_EXERCISE AIM_
Write the lines below out exactly, dropping each picture.

_RECORDED DATA_
<<<<

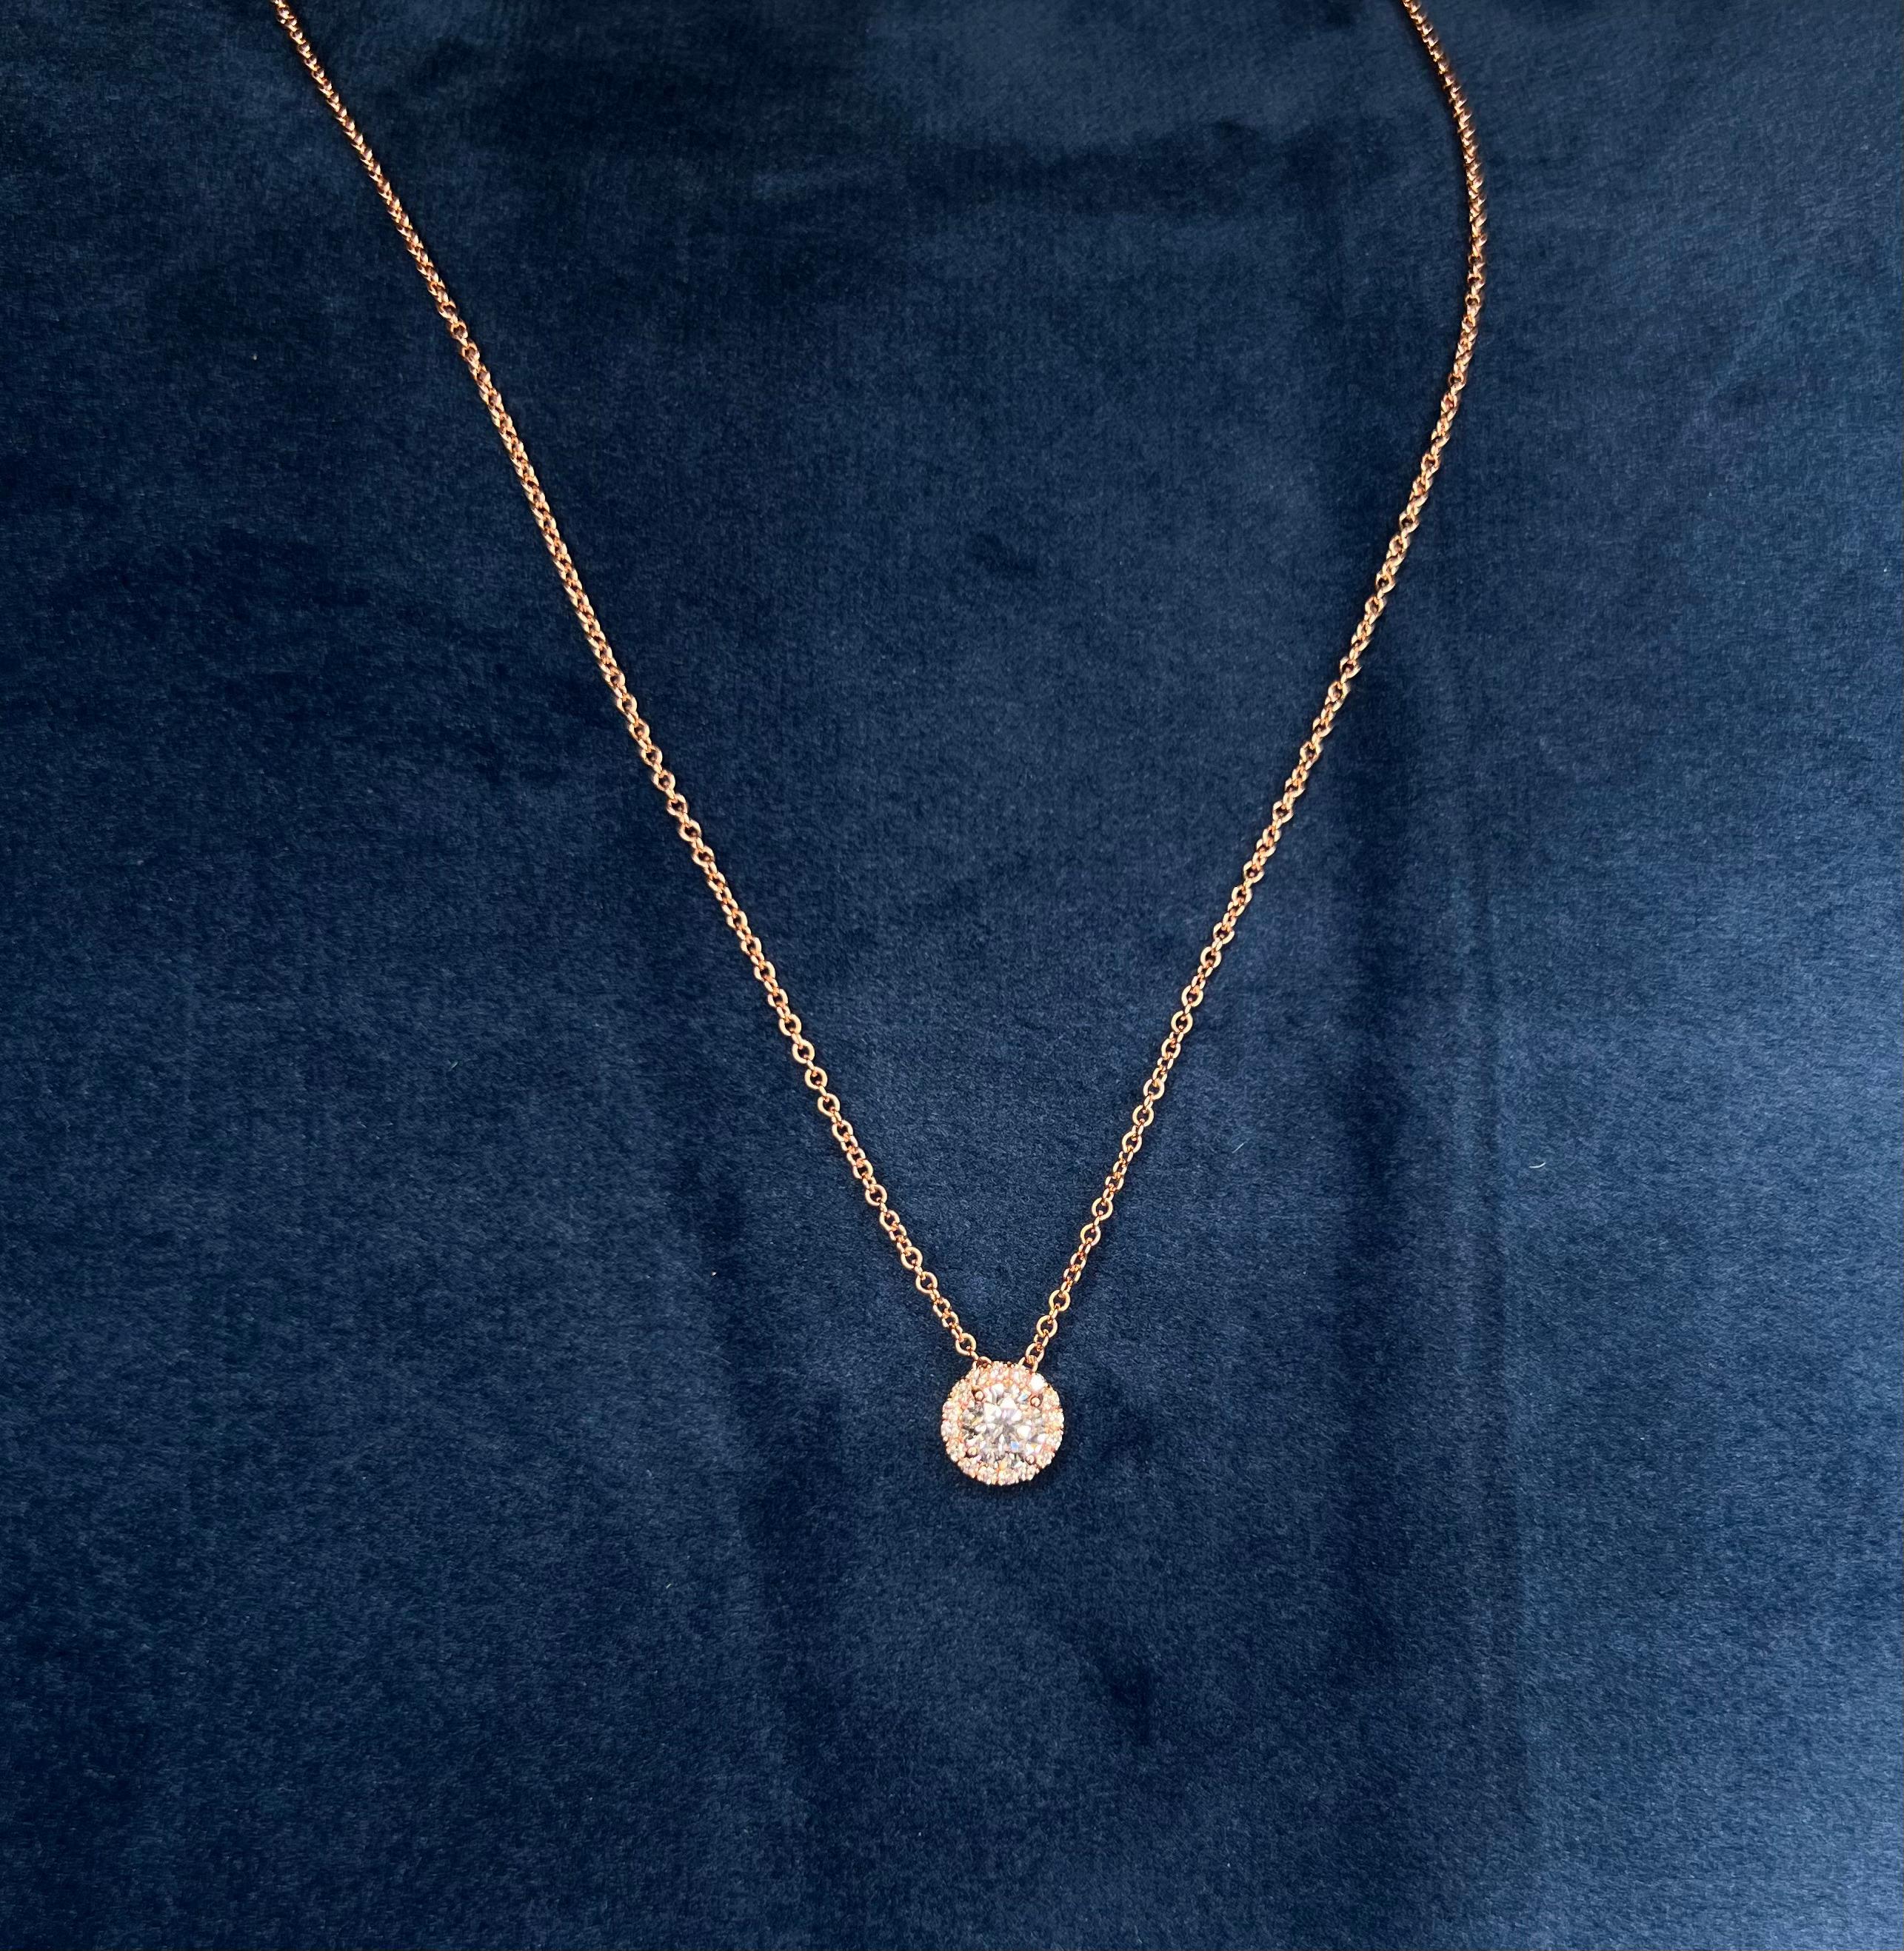 14k Yellow Gold 0.40 Carat Round Cut Diamond Solitaire Pendant Necklace In New Condition For Sale In Los Angeles, CA
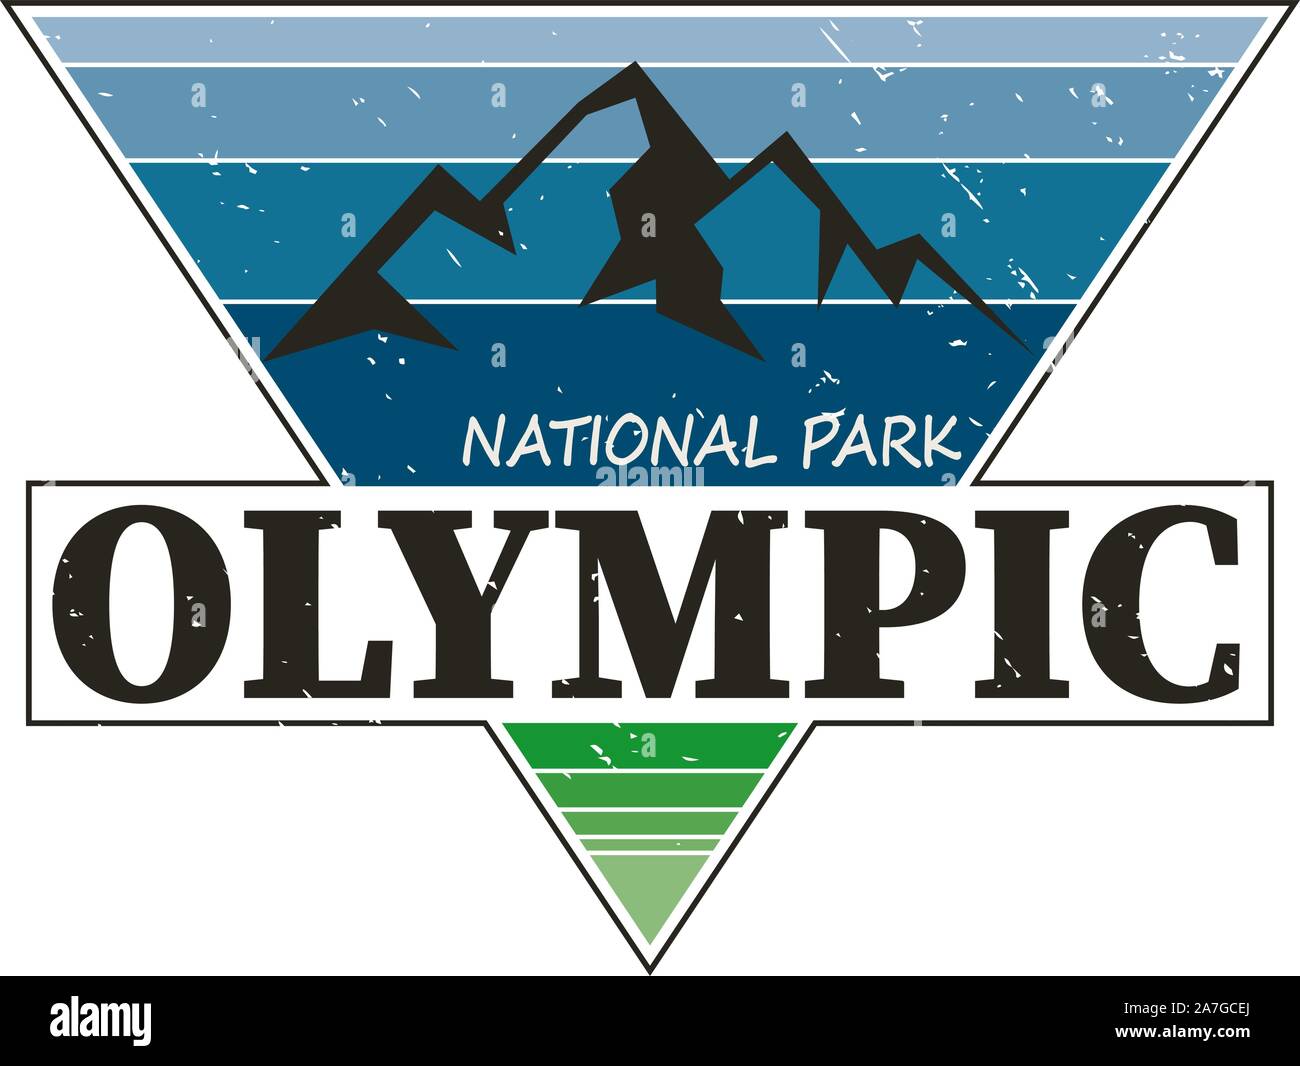 Olympic National Park, USA outdoor adventure illustration Stock Vector
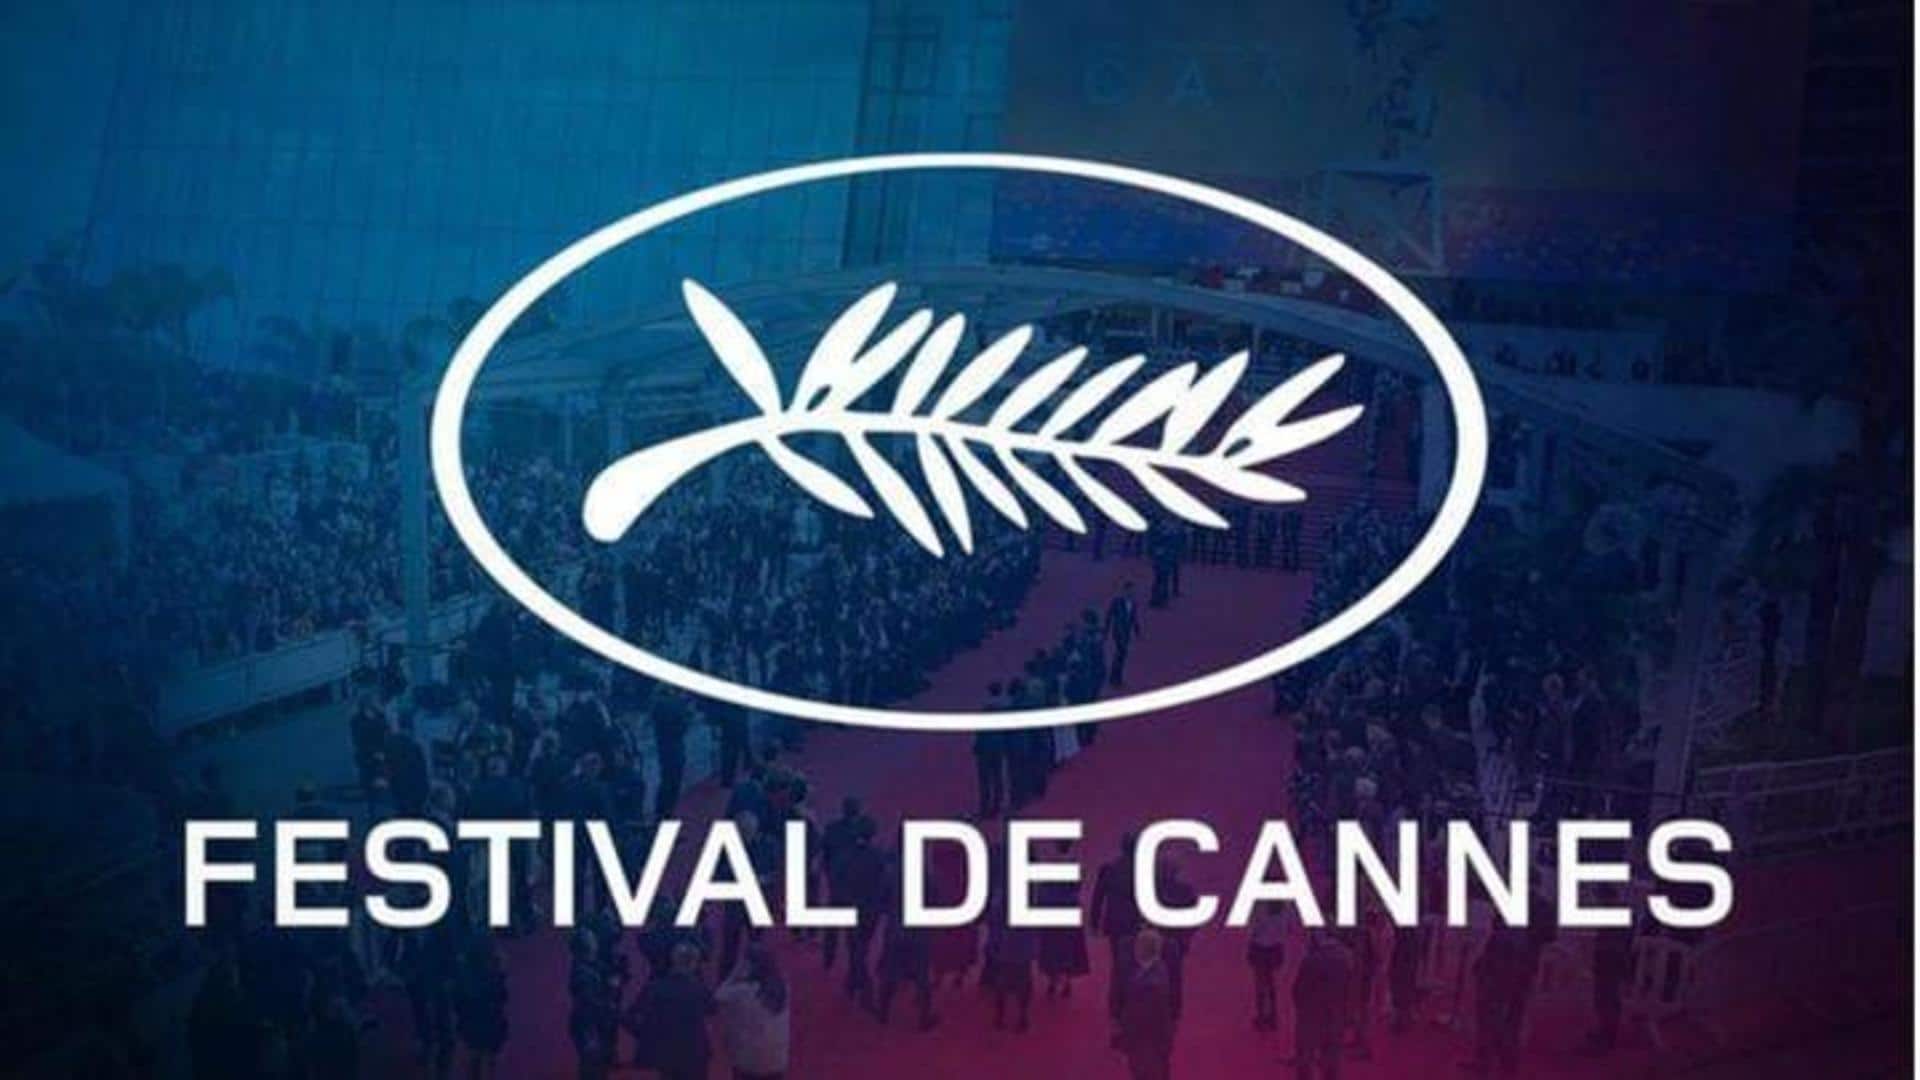 Cannes 2023: Why is the film festival held in Cannes

>>>>

_WRITTEN ANSWER_
 14k Yellow Gold 0.40 Carat Round Cut Diamond Solitaire Pendant Necklace In New Condition For Sale In Los Angeles, CA
 Olympic National Park, USA outdoor adventure illustration Stock Vector
 Cannes 2023: Why is the film festival held in Cannes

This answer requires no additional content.